Adding an extension to my shelf/room layout when I realized I could stand the module up for the majority of the wiring.

Pros - a bunch

Cons- cannot test drive trains for testing as work progresses

Now I need to stop using any color wire I can find and to be neater


----------



## MichaelE (Mar 7, 2018)

Well that certainly is a neck and back saver.


----------



## flyboy2610 (Jan 20, 2010)

Charlie Bishop (YouTube Chadwick Model Railway https://www.youtube.com/channel/UCMjSsrcmA4BNeAnh2NxYp0Q ) does it just that way all the time.


----------



## traction fan (Oct 5, 2014)

*So do I*



flyboy2610 said:


> Charlie Bishop (YouTube Chadwick Model Railway https://www.youtube.com/channel/UCMjSsrcmA4BNeAnh2NxYp0Q ) does it just that way all the time.

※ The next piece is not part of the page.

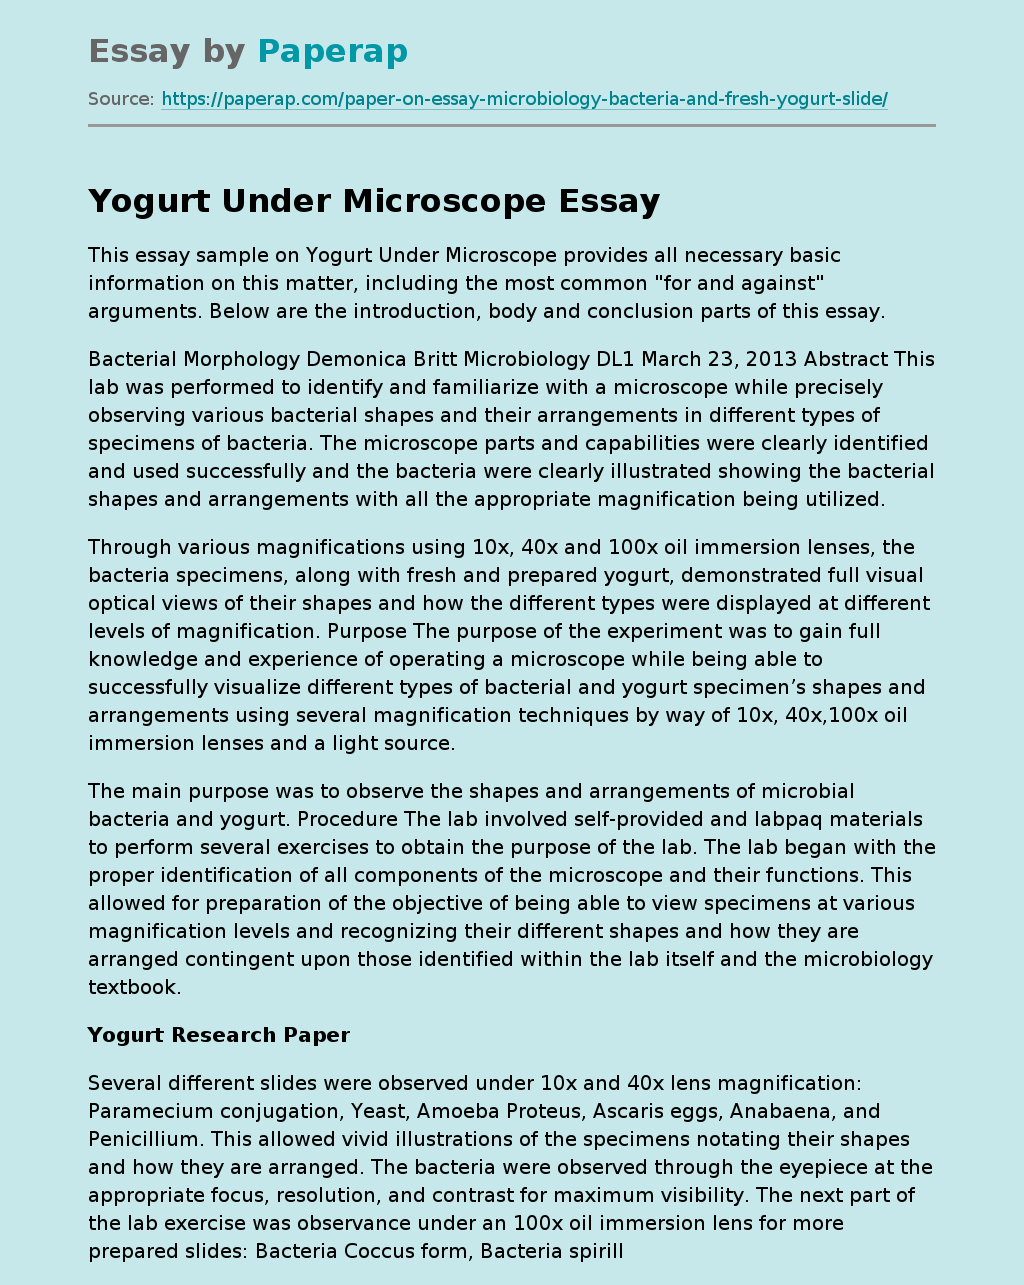 Yogurt Under Microscope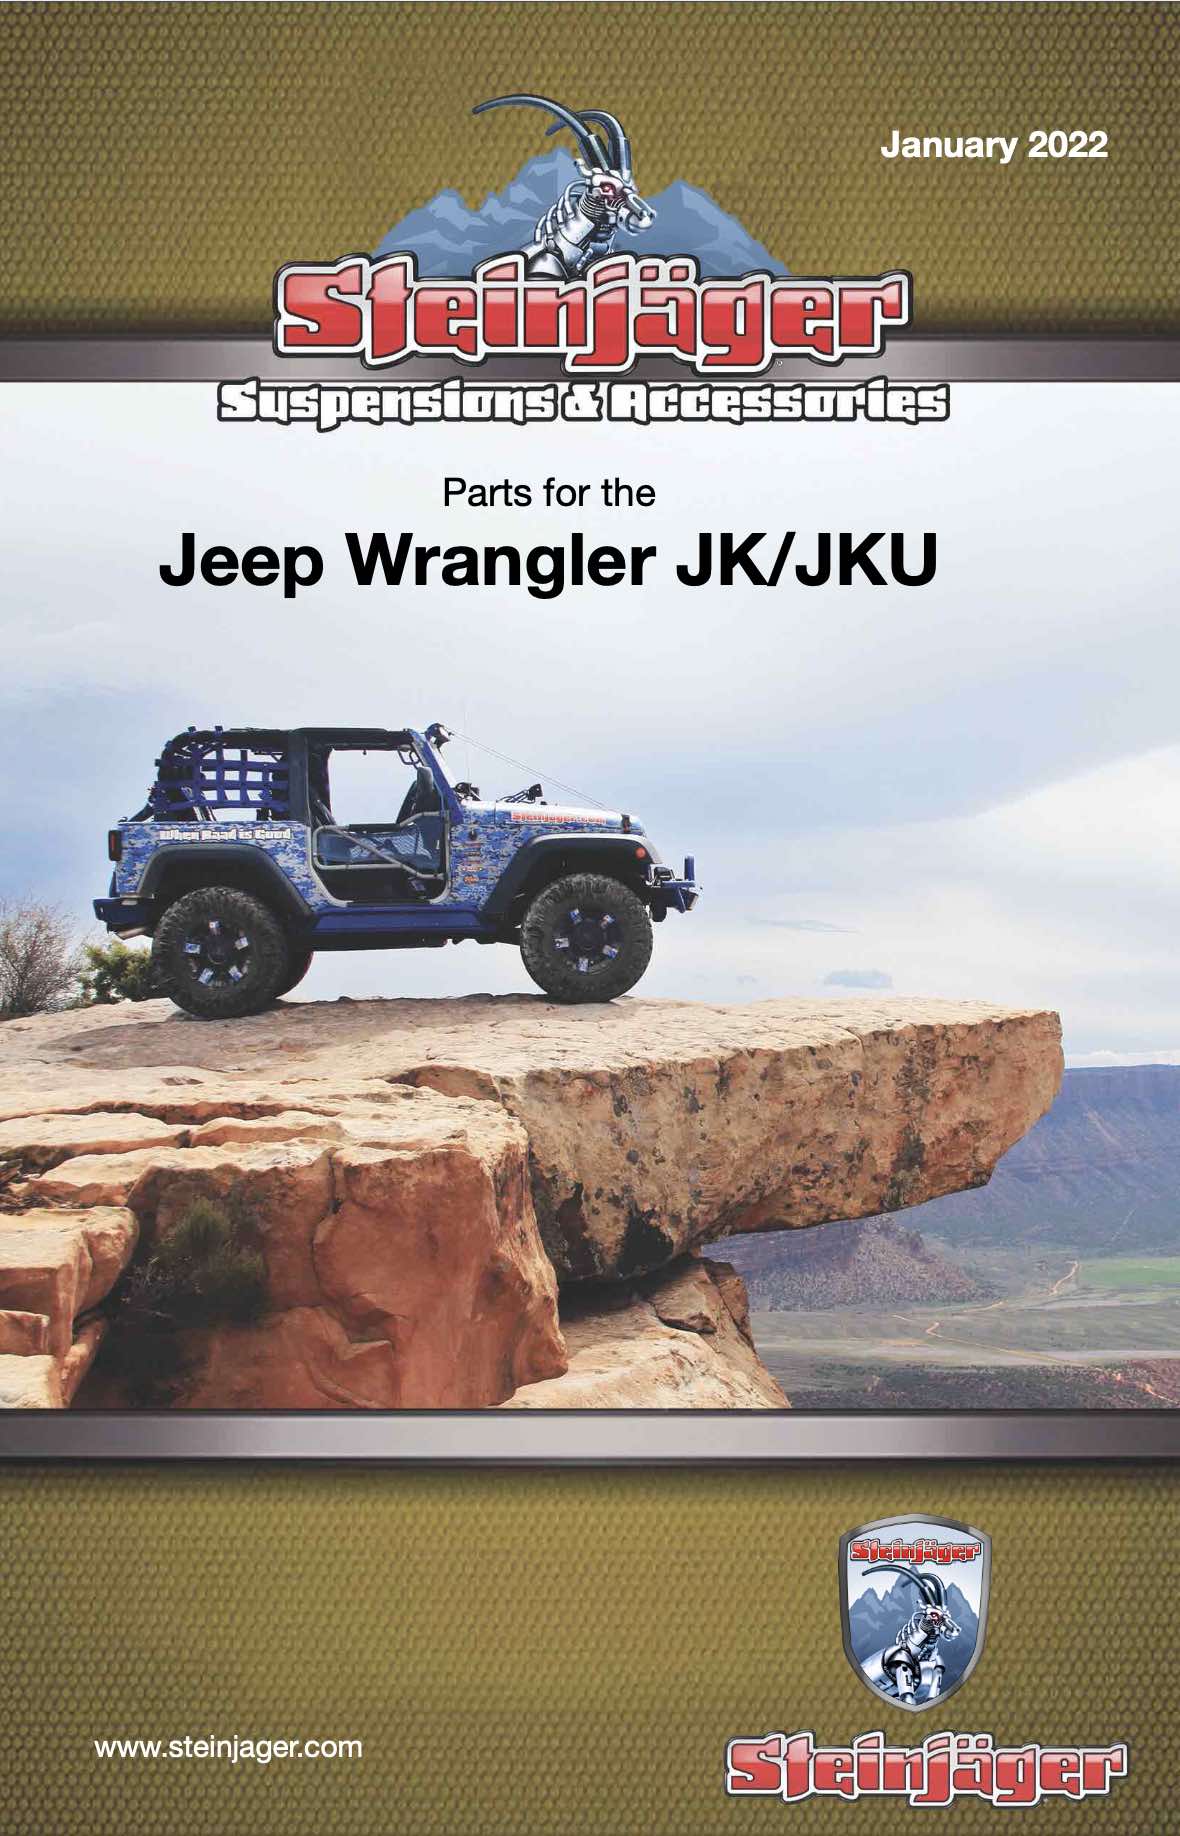 Catalog for Jeep Wrangler JK and JKU

 I have most of my wiring and all my switch motors, frog polarity micro-switches, etc. Up front behind removable access panels in the fascia. I'm 71 & partially disabled, so under the table is not for me.

Traction Fan :smilie_daumenpos:


----------



## Steamfan77 (Jan 28, 2011)

Nice job Dennis, nice and easy.

Andy


----------



## wvgca (Jan 21, 2013)

if you have trouble crawling underneath, that's the answer


----------